Petitioner also claims that he “was denied transfer to Unit #8, Harrisonburg, Virginia, in order to attend the college program there.” He mentions action by the Institutional Classification Committee to reclassify him to a higher degree of custody status. Superintendent White states that this reclassification is not an attempt to restrain his progress or mar his record, but that “the reason for this recommendation was the numerous transfers and incessant medical requirements of petitioner.”

Superintendent White further says that he felt petitioner’s needs could be better served by transfer to an institution with medical facilities, since he had been given medical attention on fifty-five different occasions since his arrival at Unit No. I. The court does not find denial of transfer or reclassification unreasonable in light of petitioner’s past medical history and numerous transfers. It therefore dismisses the claim as being without merit.
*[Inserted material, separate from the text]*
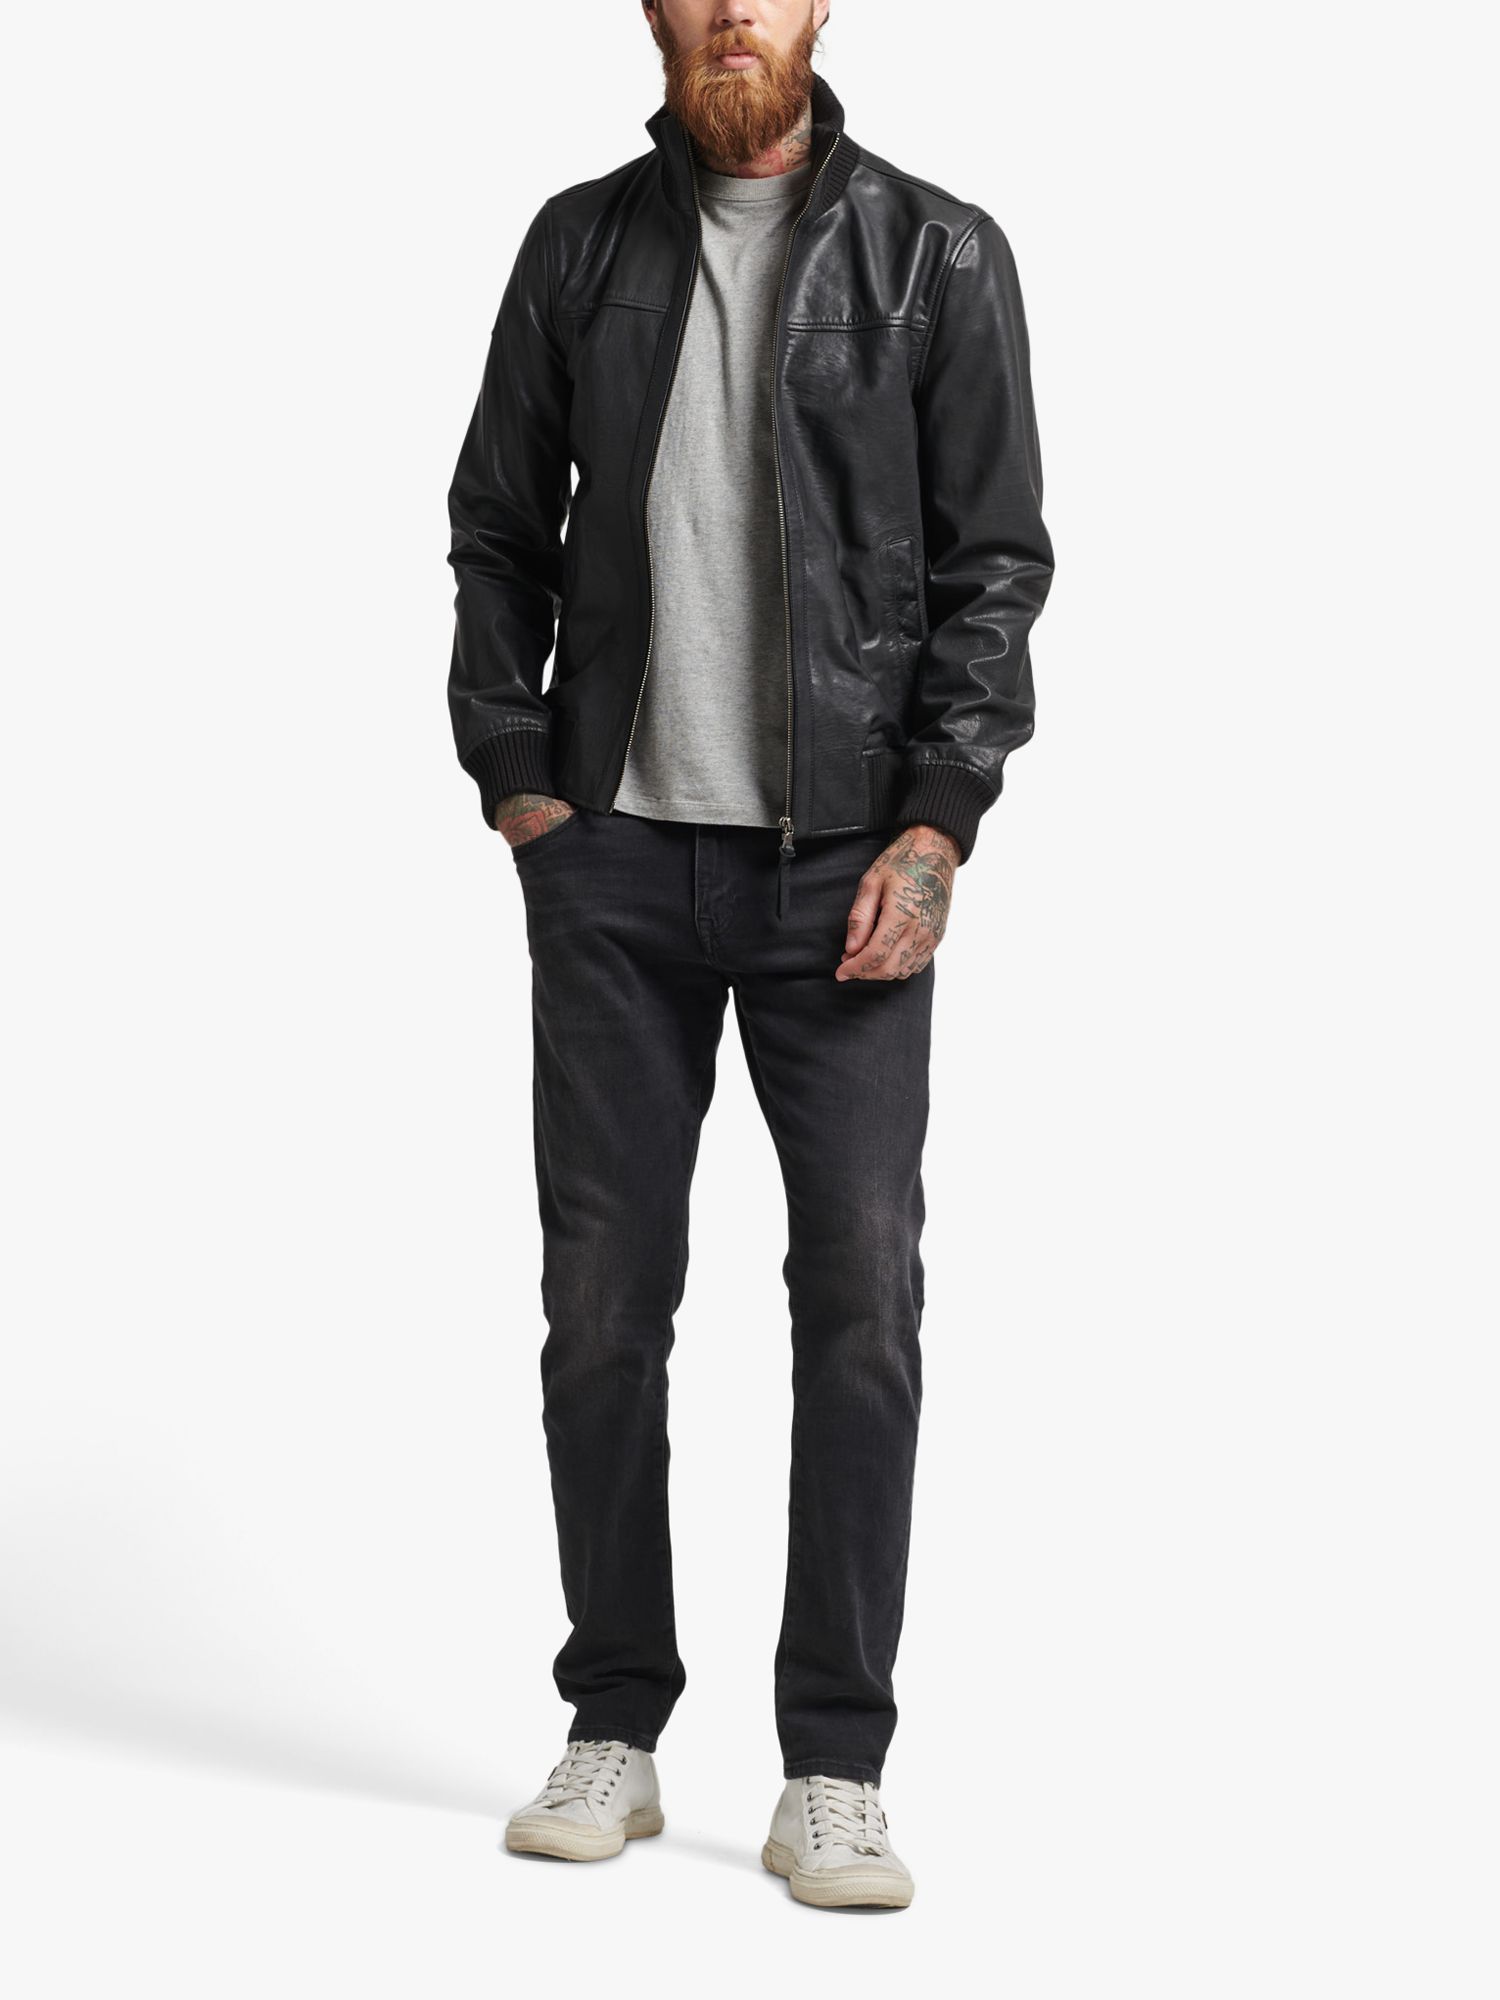 Superdry Knitted Collar Leather Bomber Jacket, Black at John Lewis ...

Petitioner further states that “on 18 July, 1972, complainant was transferred from Field Unit #1 to the penitentiary for medical reasons. During this period no mail was received for 21 days.” In Sostre v. McGinnis, 442 F.2d 178 at 199 (2d Cir. 1971), the court said:

The traditional and common practice of prisons in imposing many kinds of controls on the correspondence of inmates, lacks support in any rational and constitutionally acceptable . . . McCloskey v. Maryland, 337 F.2d 72, 74-75 (4th Cir. 1964) (‘Control of the mail to and from inmates is an essential adjunct of prison administration’).

This court does not find that holding mail for petitioner during his sickness to be unreasonable of arbitrary. It therefore dismisses petitioner’s claim as being without merit.

The court, for the reasons stated, finds no good reason to grant petitioner’s motion for injunctive relief pursuant to 42 U.S.C.A. § 1983. Accordingly, the court dismisses petitioner’s complaint and grants summary judgment to the defendant.